Clustering index documents via vector search?

164 views Asked by At

I'm wondering if there's anything already built into the Cognitive Search vector index to return clusters of similar embeddings, or if that would still be left up to the developer (i.e. us) to run an offline algorithm on the embeddings directly?

I know I can get on-demand clusters, essentially, by running a similarity search from one embedding, but I'm looking to take a set of document embeddings and identify similar clusters so we can auto-generate collections of documents which may be topically related.
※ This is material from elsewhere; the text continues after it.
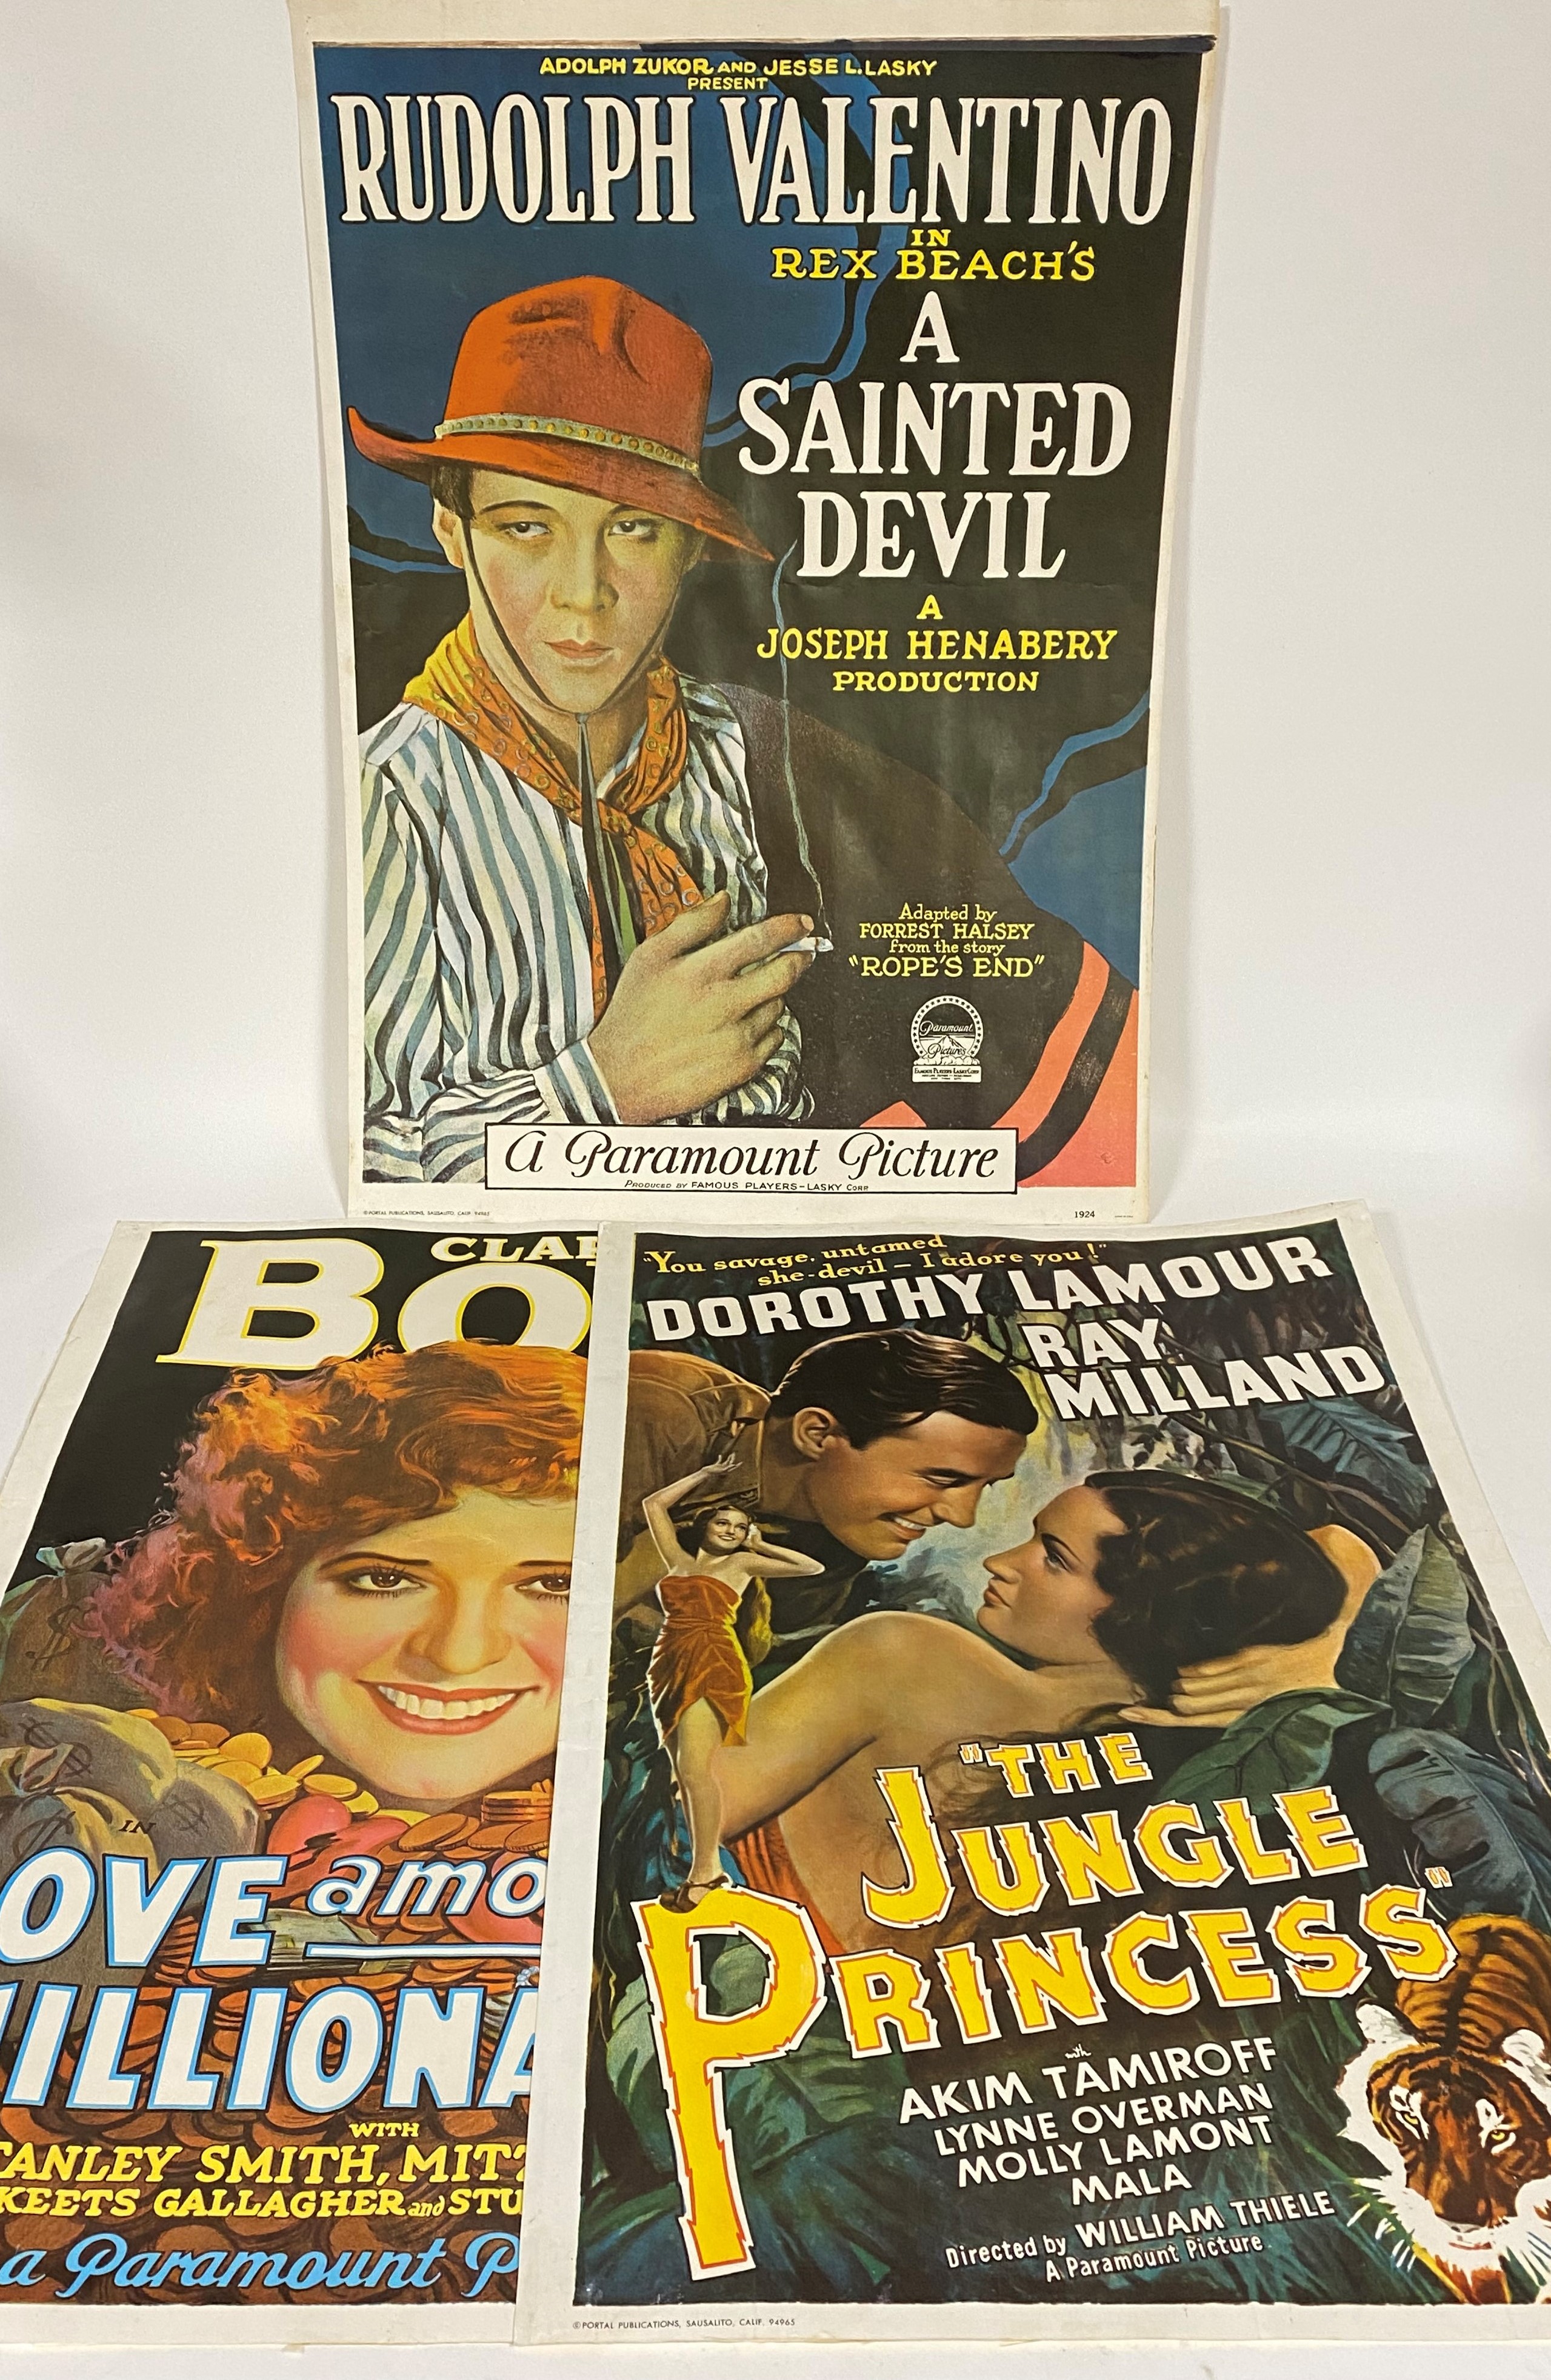 A set of three vintage 1960's Hollywood film posters by portal publications, unframed; Clara Bow

Something like this: https://dylancastillo.co/clustering-documents-with-openai-langchain-hdbscan

My assumption is that this would be something for us to handle, but I wanted to make sure this wasn't available already in Cognitive Search.

1

There are 1 answers

0
Robert - MSFT On

The problem is the HNSW graph structure is not optimized for clustering applications since it focuses on finding nearest neighbors efficiently. As a result, the hierarchical near world graph structure doesn't make any guarantees that all nearest neighbors will be within a certain distance in the graph from a given node, making navigating the graph to identify clusters suboptimal.

Conversely, clustering usually involves organizing data points into separate and well-defined groups with good separation, compactness, robustness, size, etc. If you're looking for such clustering applications, consider running dedicated clustering algorithms on the vector corpus such as k-means, DBSCAN (Density-Based Spatial Clustering of Applications with Noise), or AgglomerativeClustering. All of these are available using scikit.learn.

You might also be able to run an "ad-hoc clustering" using your hnsw index by retrieving a larger set of k approximate nearest neighbors for a given query point, then run a clustering algorithm to see if there are good group separation of those points. Then you can identify which group your query point belongs to and use that as the cluster. This may help handle the case where your query point may not be centered in a particular cluster (whose distribution you don't know yet), and thus the "nearest neighbors" may contain points in other clusters.